If you ever wonder where all the attractive people in your hometown have gone, they are either in California or NYC. There are too many people here to fall in love with. My heart can’t take it. But could I date a man who spent more time thinking about his appearance than I do? Could I date a man wrapped up in his Warby Parkers and the New York lifestyle? Is that what I want for the children?

When I got in last night, the friend I’m staying with in Brooklyn told me that New York City is Mordor, that the people who inhabit Mordor are orcs, and that orcs eat human flesh. We are human flesh eaters.

San Francisco is too shiny, I said. I need something dirtier.

New York is the grossest place on earth, he said.

Good, I said.

He had to leave at 4:30 this morning for work at the cafe and gave me directions to the subway. It’s just around the corner, he said. The vagrants will help you find it, he said.

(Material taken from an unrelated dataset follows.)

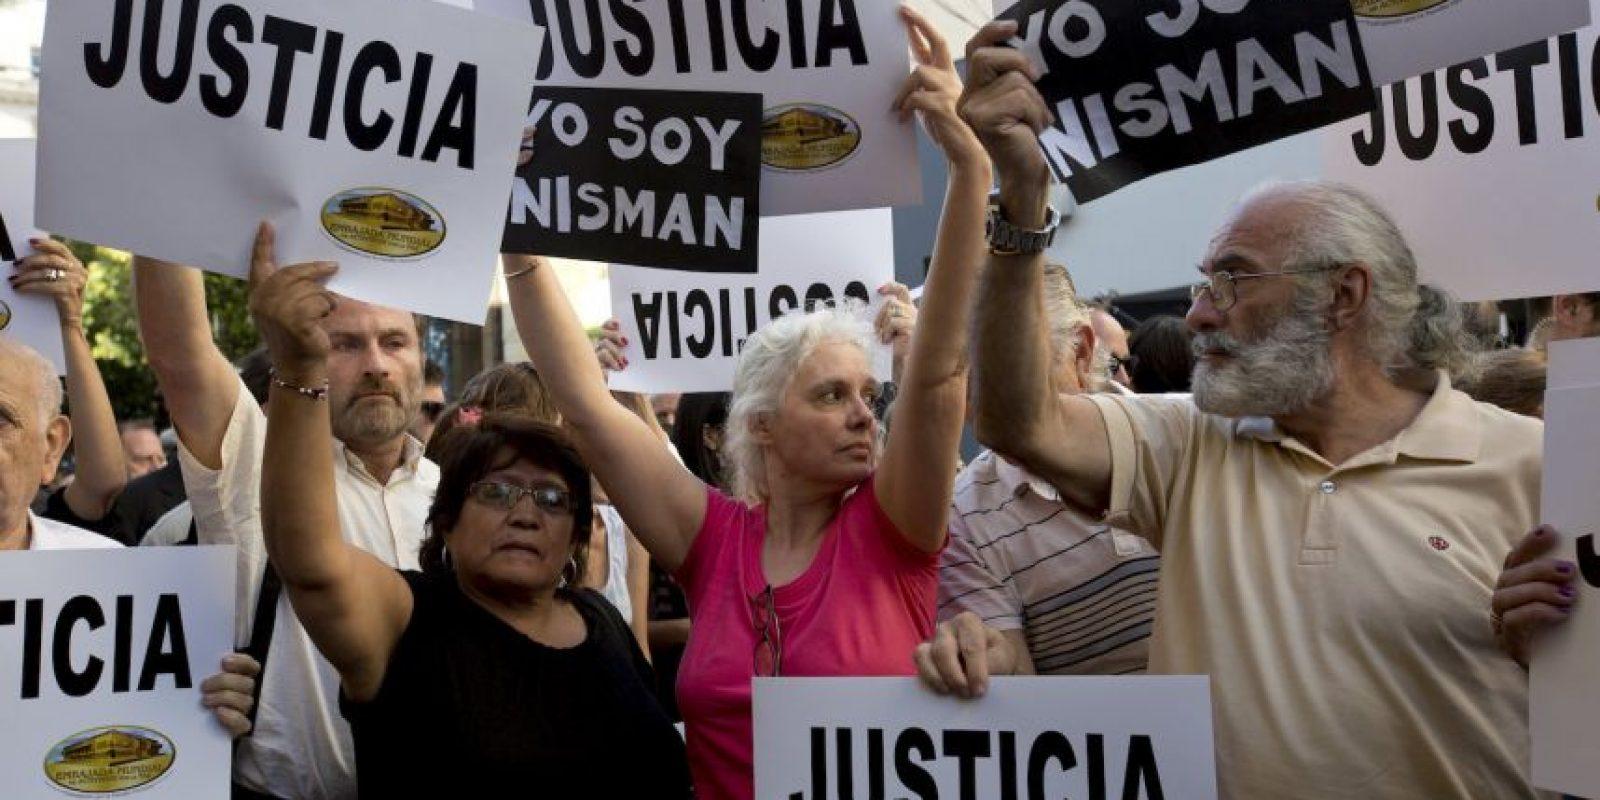 """9. Al respecto hablamos con el catedrático chileno Raúl Sohr, quien comenta: """"Es un caso extremadamente complejo, en el cual hay que establecer primero la verdad"""". Además añade: """"Si las acusaciones del fiscal son ciertas, el daño puede ser de gran tamaño para el gobierno de la Presidenta Fernández"""". Foto:AP"""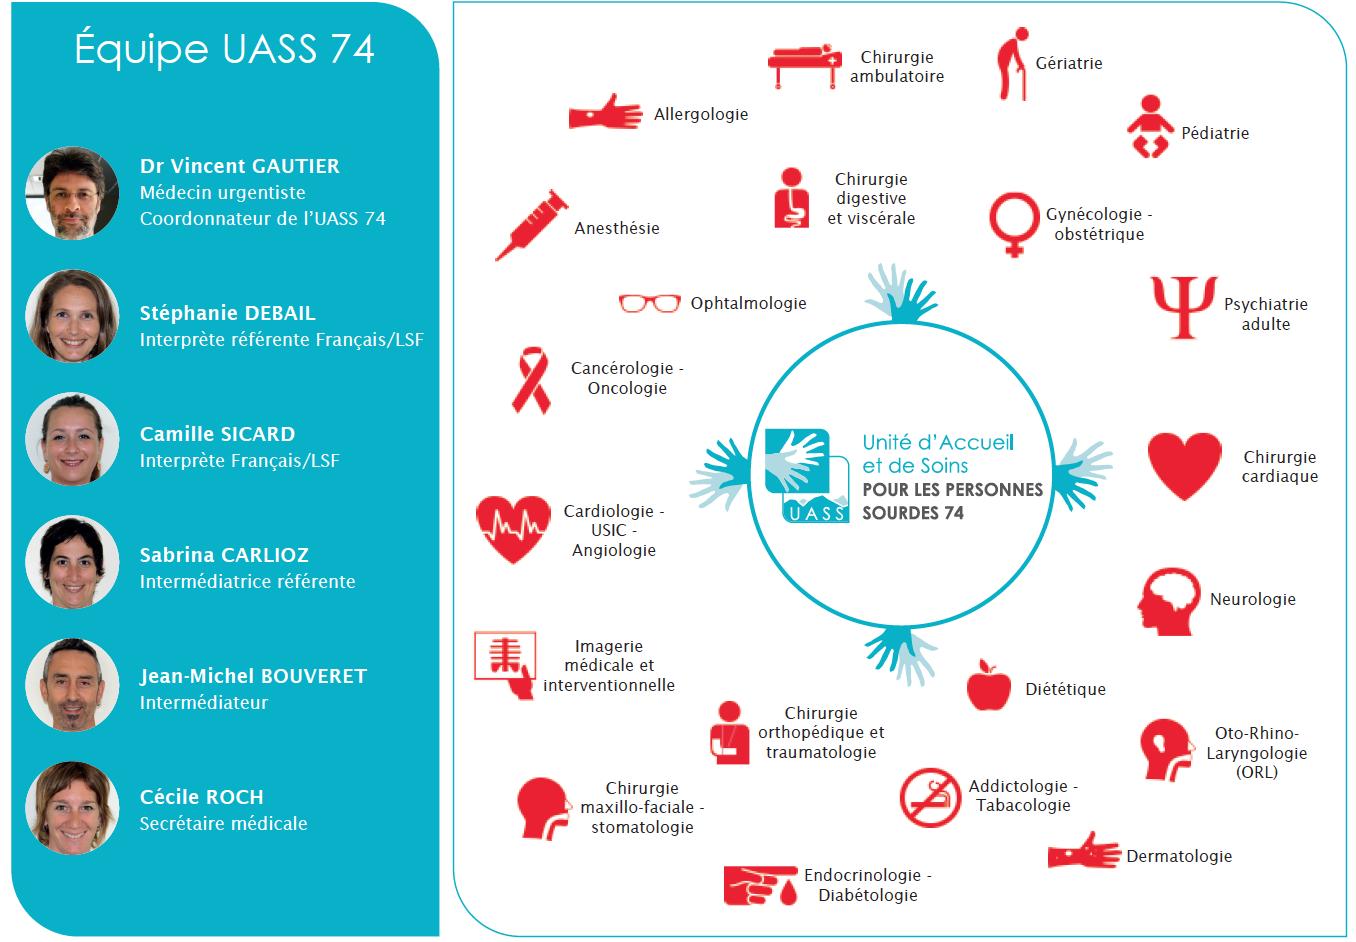 CENTRE HOSPITALIER ANNECY-GENEVOIS : UASS74 Unité d'Accueil et de Soins pour les Personnes Sourdes

Good, I said. In the morning, I remarked on just how much his neighborhood reminded me of Cairo.

I sat today on the High Line – the former above-ground railway turned into walking path/garden/park – and read the book I bought in Capitol Hill. It’s called “Cowboys are My Weakness.” It’s a collection of short stories about women who fall for burly, hunty, meaty, cowboy type men and are invariably hurt by them. It’s not exactly feminist literature, but Chobani isn’t exactly a coffee shop. Sue me.

In one of the stories, a woman flies to New York to meet up with a man her father knows. He plays a Texan cowboy in a soap opera. They kind of fall in love in Chelsea. I’ll be in Chelsea tomorrow night.

Cowboy, if you’re out there, meet me tomorrow at UCB. If you’re the one for me, you’ll know what that means.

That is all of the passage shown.